Life Insurance and College Funding
Using Life Insurance as a College Funding Supplement
College costs are considered a major expense for most individuals. As a parent, it is important to take a proactive approach when investing for your children’s college goals. While there are a variety of products and accounts in the marketplace, you may want a plan that will give you flexibility, as well as coverage for your family should something happen to you.
Understanding the Options
There are many ways to save for your children’s education. What are some of the options you have?
1) 529 Plans: These plans are very popular. Individuals select these accounts because they offer a way to save for college and they have tax benefits associated with them. These plans grow tax-deferred and the money can come out tax-free if utilized for qualifying higher education expenses. However, many individuals have concerns over flexibility as it pertains to these types of accounts. For instance, if a 529 plan is not used for college education, a 10% penalty and taxes are issued on the gain within the plan. While there are some ways to transfer the beneficiary designations to a family member (you can transfer from on sibling to another in most plans), what if that option is not available/applicable for your family? You will also need to consider limits – most 529 plans have restrictions to haw much money can be invested, and while these limits are high, there is a ceiling.
2) UTMA/UGMA Accounts: For practical purposes, these accounts are for the exclusive benefit of a minor, but name a custodian to manage the account until that child reaches the age of majority (anywhere between 18-21 years, depending on the state). These types of accounts do not necessarily have to be used for higher education, but they do transfer to the minor as soon as he or she reaches age of majority. If that child does not go to college, they can use that money for whatever they wish.
3) Coverdell Education Savings Plan: These accounts have income limitations, and in 2013, you can only put away $2,000 per year. These accounts grow tax-deferred and the money is tax-free if used for qualifying education expenses. You can also use these accounts for education expenses prior to college, so a private high school may qualify, for example.
4) Mutual Funds and Retirement Accounts: Mutual funds can offer the most flexibility because money can be invested and withdrawn without any additional tax penalty. Money in the account belongs to the owner, and as such, the owner can control who receives distributions, if there are any. Mutual funds have taxes associated with them, such as capital gains and dividends. Although retirement accounts, including 401(k)s and IRAs are typically reserved for retirement spending, some people will earmark a portion of money in these accounts to fund a college education. While money in a retirement account grows tax-deferred, most individuals should be aware that access to this money prior to 59½ may result in a 10% penalty and tax will be associated with the withdrawals. (IRAs may be accessed for higher qualified expenses, without the 10% penalty. Please consult your tax advisor for more information.)
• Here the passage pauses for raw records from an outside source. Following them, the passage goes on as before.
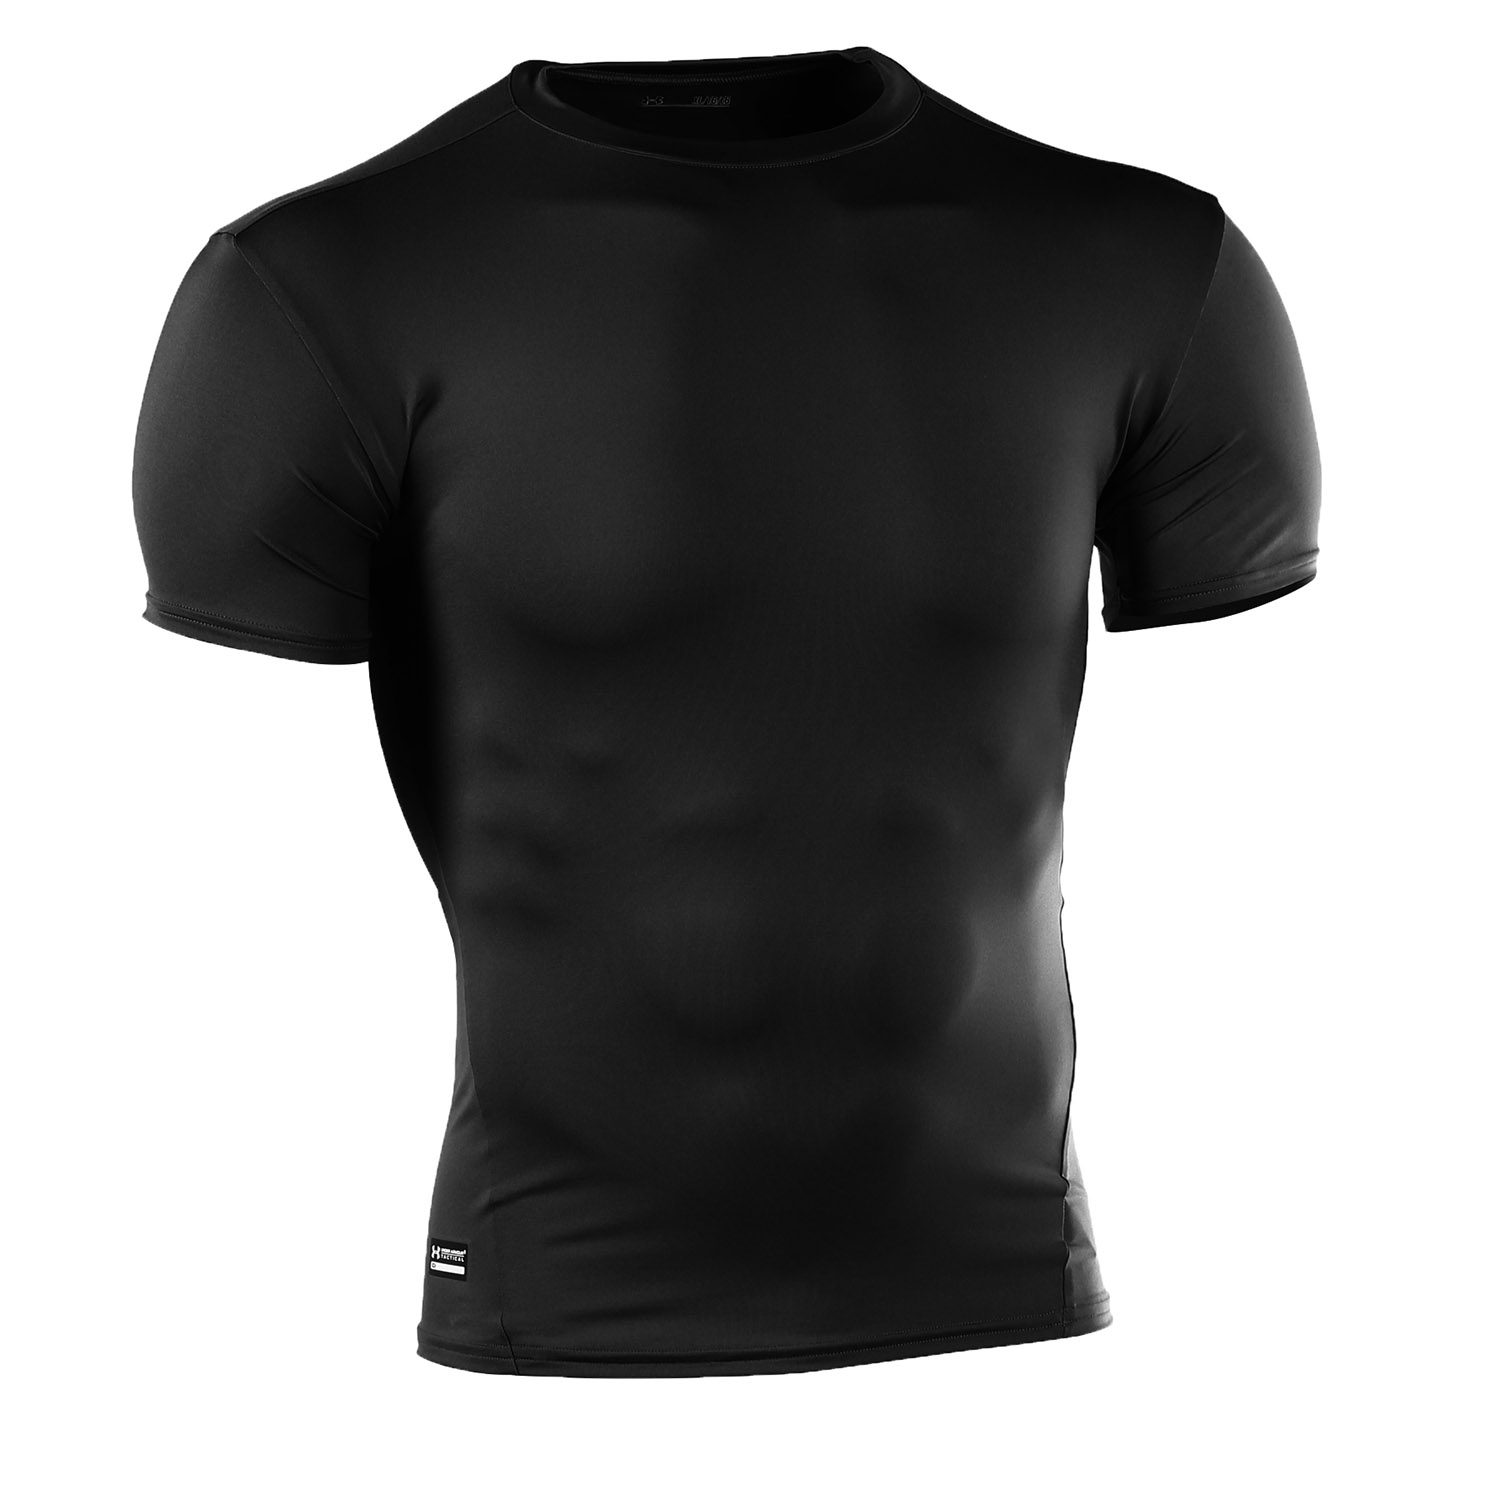 Under Armour Men's Tactical HeatGear Compression Shirt, Black
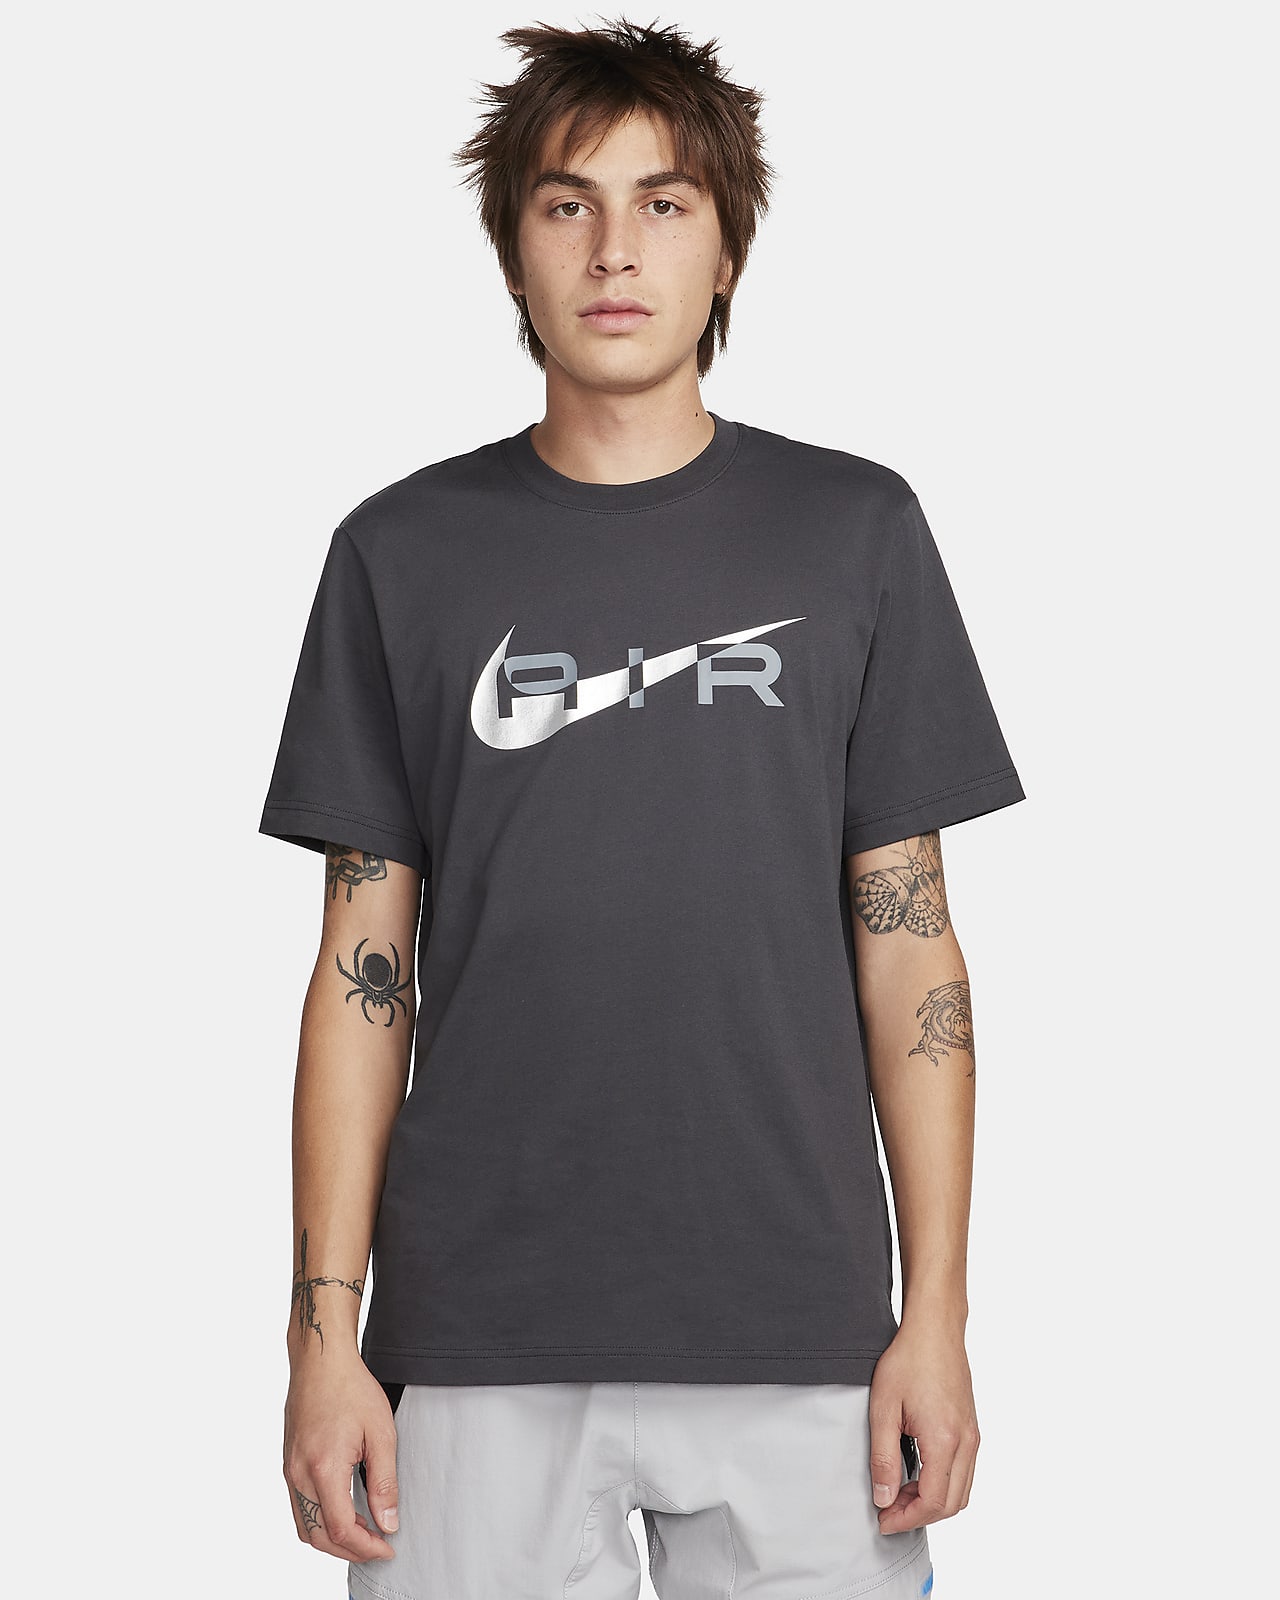 Men's White Tops & T-Shirts. Nike ZA
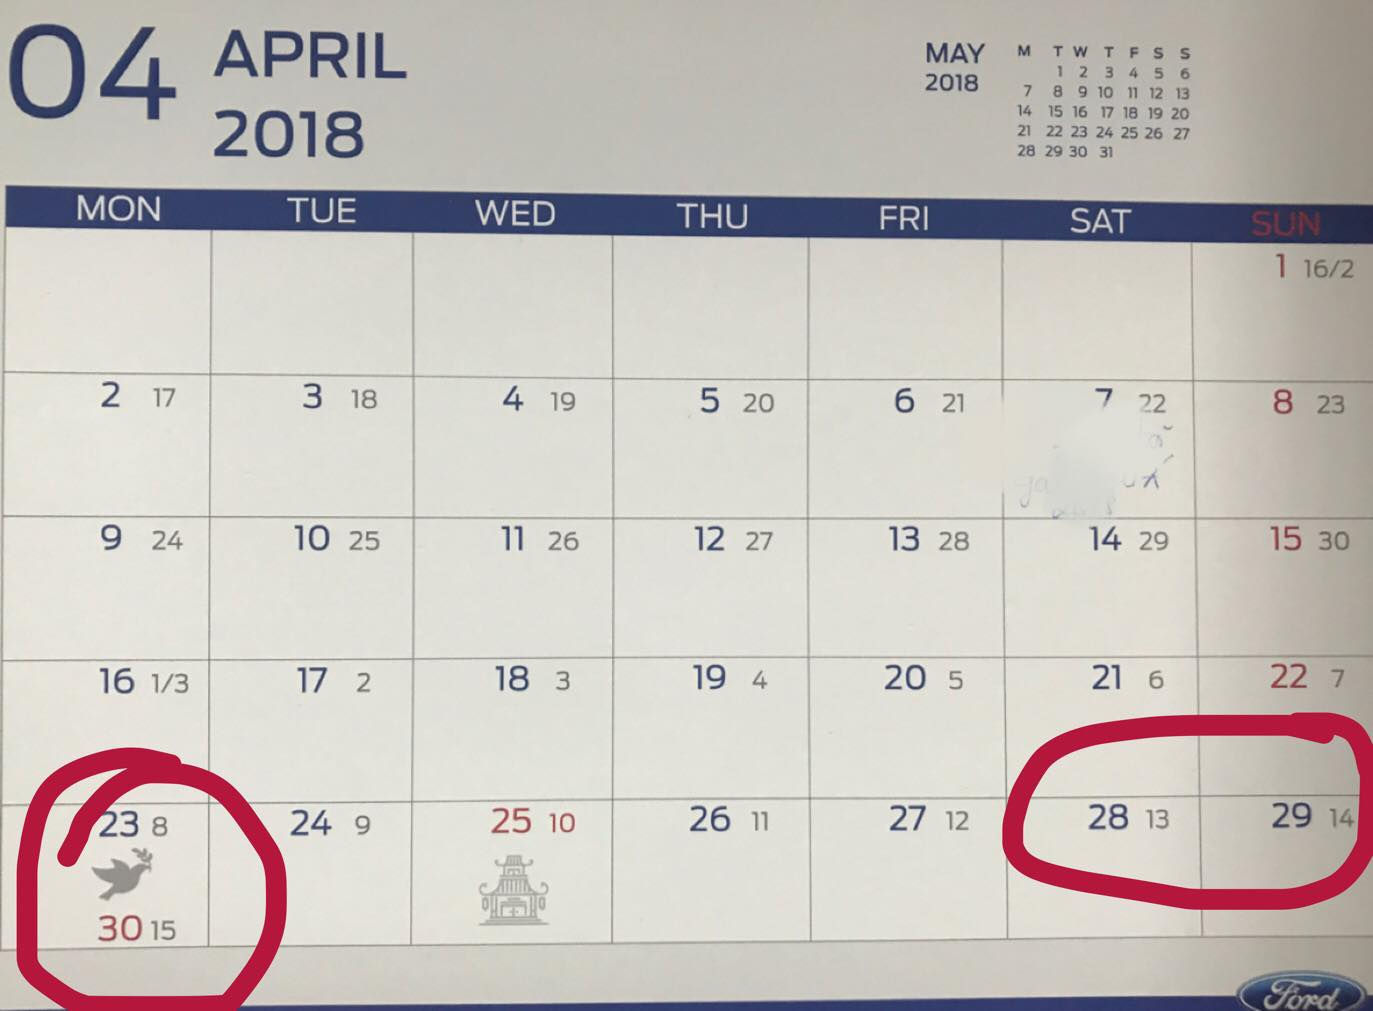 Sau Tết Nguyên đán, kỳ nghỉ lễ tiếp theo sẽ được nghỉ bao nhiêu ngày?

5) Permanent Life Insurance: Life insurance provides a death benefit should something happen to you. Part of the tax-free death benefit can be used to fund children’s education goals. In addition, the cash value build up in a life insurance policy can be accessed for college education purposes. The cash value is tax-deferred and come out tax-free if the contract is structured properly. If your child does not need money for college expenses, the cash value can continue to guild for your future goals, such as retirement.
It should be noted that financial aid packages that are generated for most students consist of loans, while grants and scholarships are often secondary. Some institution may have additional requirement for determining aid, although most require federal forms. In estimating a family’s ability to contribute funding for college, federal financial aid will consider the parents’ income and assets as well as assets and income in the child’s name. Other factors, such as whether or not the child has other siblings currently enrolled in college, will also factor into the family’s ability to contribute.
Some assets are not considered when determining aid, such as 401(k)s and IRAs. (Note: if you take out money from an IRA, this will count as income for the following year, as financial aid is determined on an annual basis). Life insurance cash value is not currently factored on the federal level, but certain institutions may require it at their level. (If a policy is surrendered, though, it would count towards the family contribution.) Generally, UTMA/UGMA accounts re heavily weighted in determining aid and tend to have the highest impact whether or not aid is granted.
Benefits of Life Insurance
Life insurance can offer peace of mind in knowing that your children would be protected should something happen to you. IN addition, money saved into life insurance has little to no limitations. If your children decide to go to school, the money is there for you to access in a way that is tax-free. If your children change their mind and delay going to school, you can use the cash value toward your own goals. As an additional benefit, life insurance cash value can be used for a myriad of expenses associated with higher education – travel expenses, and spending money for instance – and it is not limited or restricted to qualified higher education costs.